TRIM14 acts in cell proliferation, differentiation, morphogenesis, autophagy and in the initiation of the anti-viral immune response by innate immunity.^[3]^[4]^[5]

Overexpression of TRIM14 in mouse embryonic stem cells (mESC) leads to upregulation of several genes (hsp90ab1, prr13, pu.1, tnfrsf13c (baff-r), tnfrsf13b (taci), hlx1, hbp1, junb and pdgfrb) which are involved in early stage differentiation of embryonic stem cells, in the mesodermal layer. The same genes are upregulated in human embryonic kidney cells 293 (HEK293) (except for hlx1, hbp1, junb and pdgfrb). Therefore, TRIM14 regulates gene expression in different cell types by an universal mechanism: interaction with the transcription factors common to TRIM proteins.^[5]^[6] The mouse homologue of TRIM14, the "Pub protein", was shown to interact with transcription factor PU.1 (SPI1) and inhibit its activity.^[7] PU.1 is a transcription factor critical for proliferation and differentiation of myeloid cells and B lymphocytes.^[8]^[9] Hence, TRIM14 (Pub) is likely associated with the regulation of development of the immune cells.
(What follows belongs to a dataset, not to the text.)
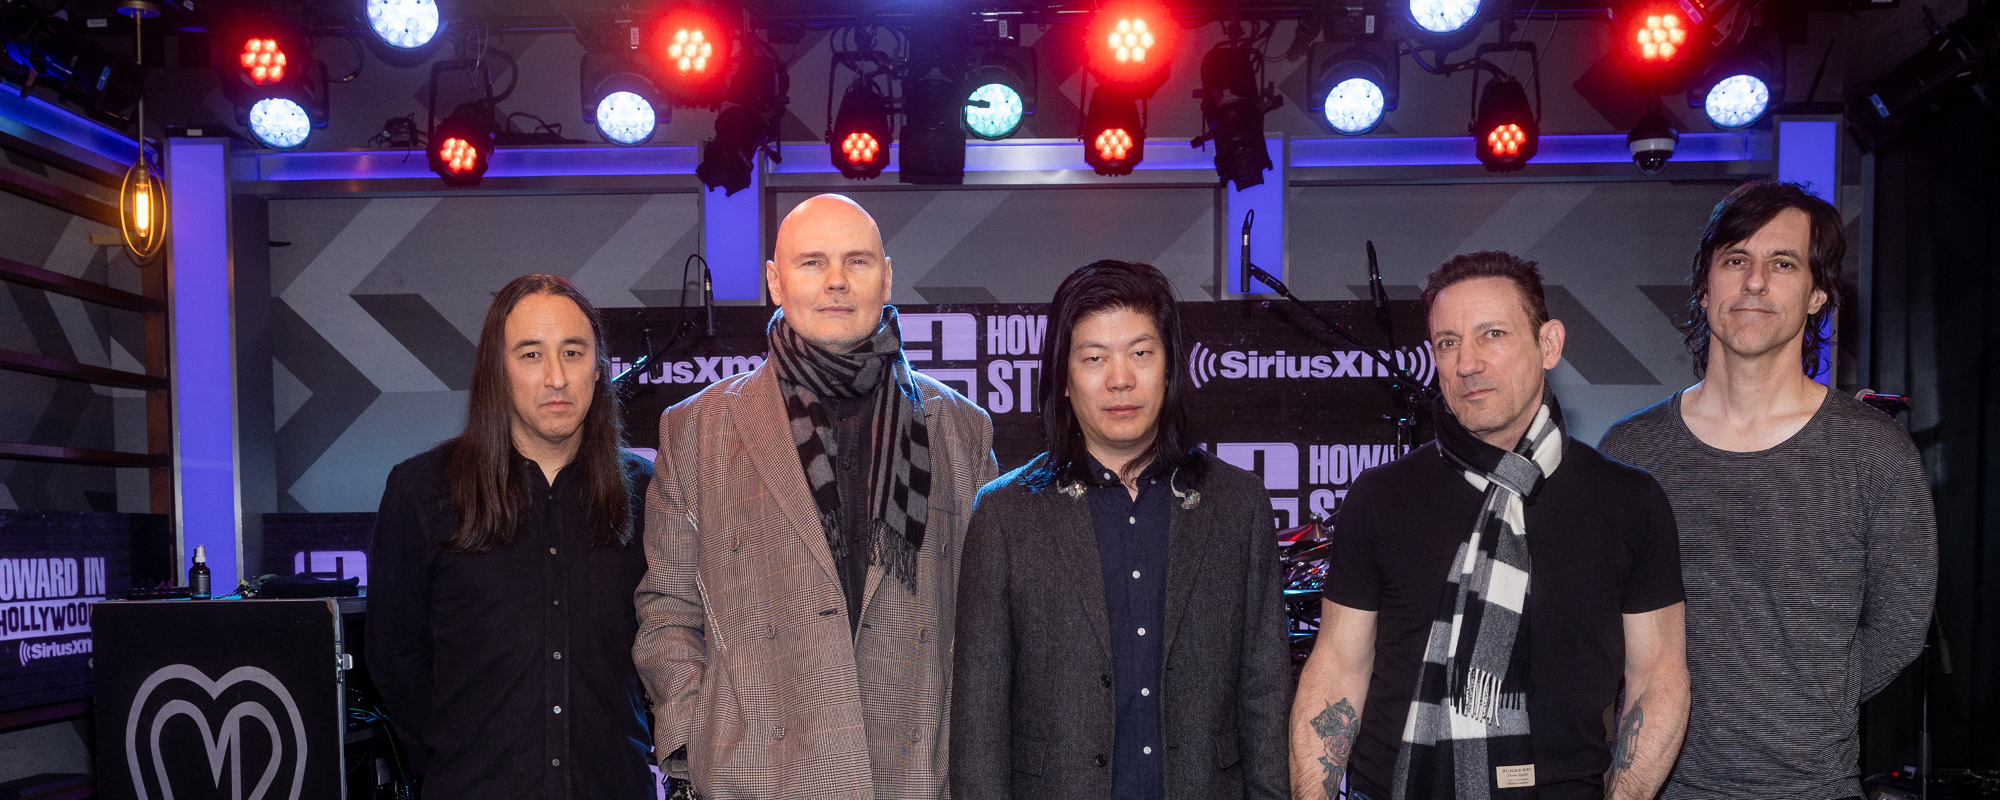 The Smashing Pumpkins Need a New Guitarist—and Applications Are Open to Anyone

TRIM14 transfected HEK293 cell show increased transcription of eighteen genes involved in the innate immune system. They are ifna, il6 (ifnb2), isg15, raf-1, NF-kB (nf-kb1, rela, nf-kb2, relb), grb2, grb3-3, traf3ip2, junB, c-myb, pu.1, akt1, tyk2, erk2, and mek2. In the same cells, the stable expression of TRIM14 allowed the suppression of the replication of Sindbis virus.^[3] The influence of TRIM14 on RNA viruses replication was proven in several experiments ^[10]^[11]^[12]^[13] and it was found to be upregulated in viral-infected tissues.^[13]^[14]^[15] Additionally, TRIM14 knockout mice are lethal after herpes simplex virus (HSV) infection.^[4]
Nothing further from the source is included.